Следующим утром, когда стройный и бодрый Аркадий молодцевато перешагнул порог маменькиной половины и, чуть румянясь от прежнего стыда и волнения, подошел к руке матери, то ни она, ни челядь, похоже, не признали в этом изящном, подтянутом молодом человеке вчерашнего потерянного, с лихорадочным блеском глаз юношу.
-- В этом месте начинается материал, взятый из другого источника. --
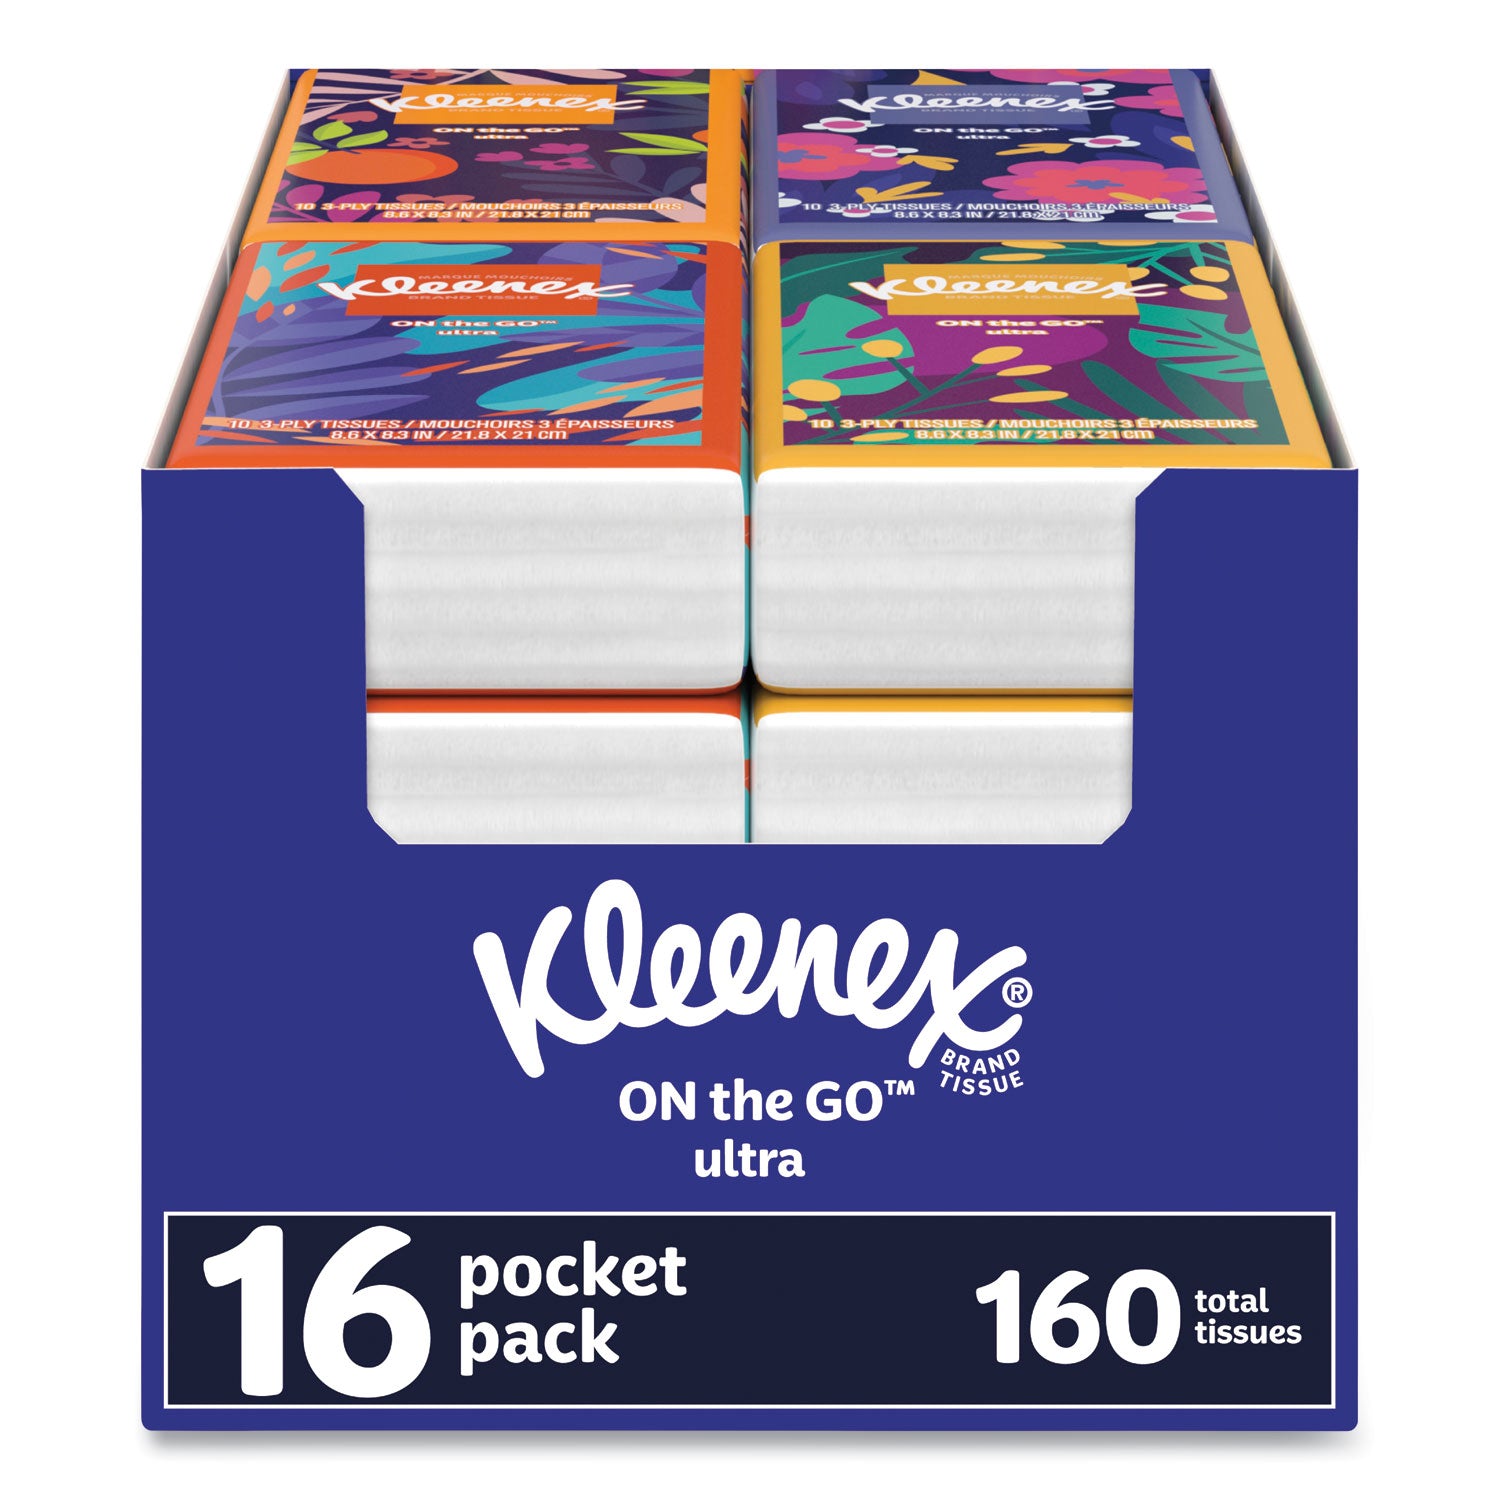 on-the-go-packs-facial-tissues-3-ply-white-10-pouch-16-pouches-pack-6-packs-carton_kcc54635 - 1

Все домашние не в силах были скрыть светлого впечатления от той здоровой свежести, которую внес в дом единственный сын Лебедевых.

После сытного завтрака и крепкого чая Аркадий, поцеловав мать, скоро откланялся, выслушав на прощанье горячее напутствие:

— Заклинаю тебя, мое сердце, впредь будь осмотрительным, прилежно учись и не смей огорчать нас с papá. Павлу Сергеевичу ничего сказано не будет, но и ты, Адик, должен понять…

— Я уж все понял, маменька!

— Ты… ты мое солнце, мой счастливый берег!

Аркадий клятвенно обещал быть достойным сыном и несколько раз с особенным почтением поцеловал ее мягкую, теплую руку.

Глава 7

В прикрытую дверь настойчиво поскреблись — память Лебедева утеряла путеводную нить воспоминаний.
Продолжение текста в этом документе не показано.